The Holocaust: History and Memory: New Class Offering for Next Year!

The Holocaust: History and Memory: New Class Offering for Next Year!

The Holocaust: History and Memory: Class Description

Class Type:         Elective

Grade Level:      11-12

Credit:                 ½ credit

Studying and understanding the events of the Holocaust is a complex matter. This course closely examines the history and memory of Nazi genocide. Topics include antisemitism and racism, Nazism and genocide, collaboration and resistance, ghettos, concentration camps, resistance, and memory of the Holocaust in the United States. Class readings will cover a wide range of materials, including scholarly works, primary sources, memoirs, video testimonies, films, and art.

Introduction from Mrs. Hall: 

When I was in college I took a class about the Holocaust. It was a 7 pm night class once a week for three hours; everyone thought it would be a drag to discuss such a dark subject at the end of a long day. The class was so intriguing that week after week the class didn’t move as 10 pm came and went. We watched documentaries, read memoirs, and grappled with tough issues of blame, remorse, and forgiveness. I have always wanted to re-create a course similar to this at WHS, but I always felt the need to have experienced aspects of the Holocaust myself before I could teach it well.

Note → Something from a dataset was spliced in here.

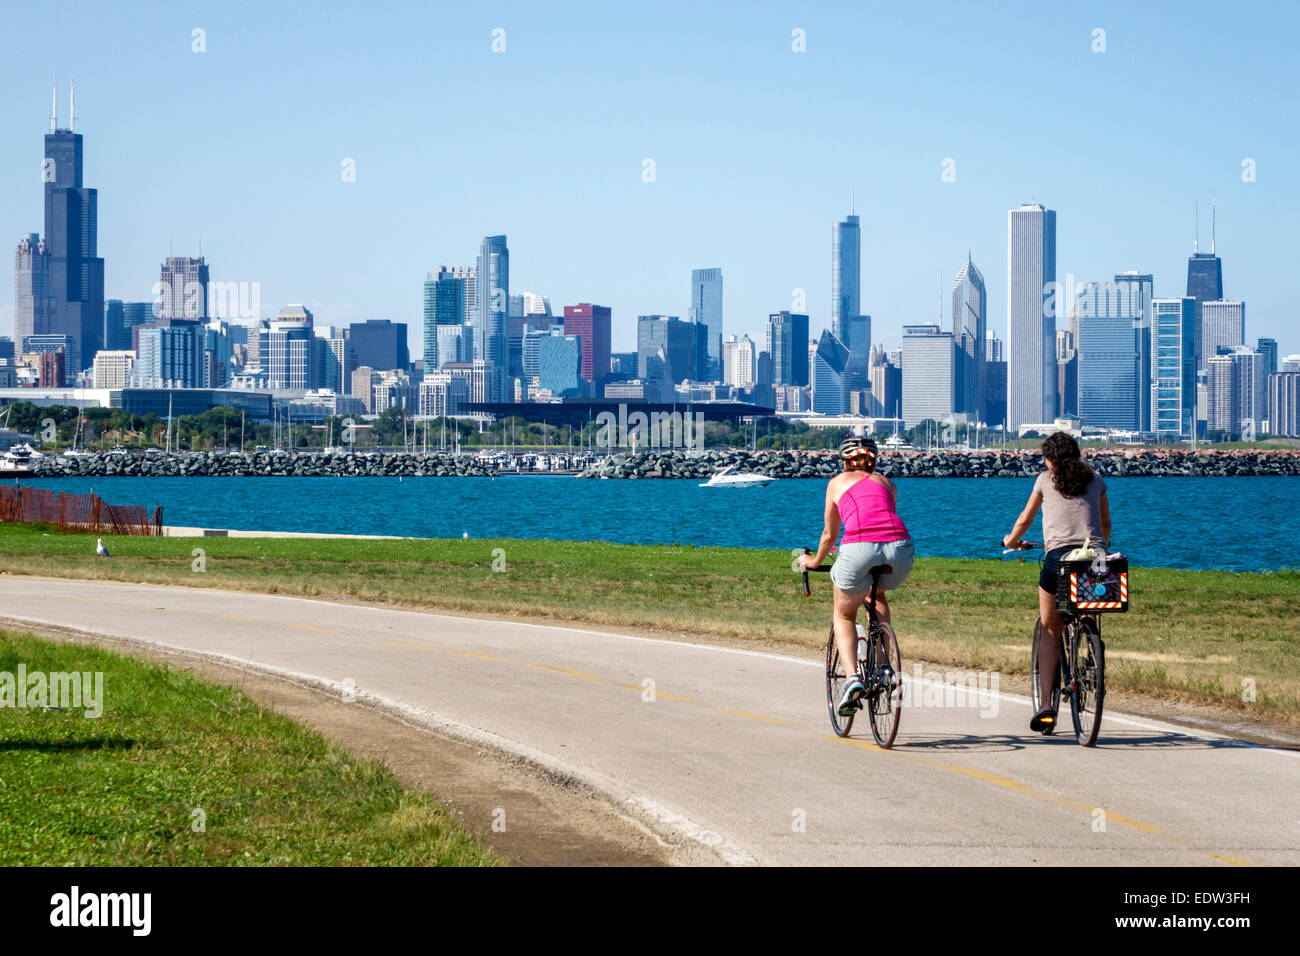 Chicago Illinois,South Side,Lake Michigan,39th Street Beach,Lakefront Trail,femme femme femme femme femme,amis,bicyclette vélo vélo vélo vélo vélo Banque D'Images

I have been to the US Holocaust Museum in Washington, DC on many occasions, but a few years ago I flew to Amsterdam to visit the secret annex where Anne Frank hid. With a group of teachers, I traveled to Sachsenhausen, the first concentration camp built by the Nazis. We visited Halberstadt, Germany where not a single Jew survived and only has a former synagogue and decimated Jewish cemetery left behind. Our group attended the Jewish Museum of Berlin and Holocaust memorials through Germany. During the summer of 2017, I visited a friend in Austria and we went to Mauthausen-Gusen Concentration Camp where labor what used to work the granite quarries. We also traveled to Budapest, Hungary to visit the Dohány Street Synagogue which became the ghetto for Hungarian Jews when the Nazis captured the city. Many of the last shipments of Jews during the Holocaust that where killed came from this previously protected Budapest community. After experiencing places like these I am better equipped to understand and share with students the complexity of the Holocaust. I want to convey to my students that they are very much like the locals that witnesses the brutal injustice of anti-Semitism and limits sanctioned by the Nuremberg Laws which threatened the way of life for every European.

The lessons of the Holocaust are important for modern society to use to make changes to better humanity.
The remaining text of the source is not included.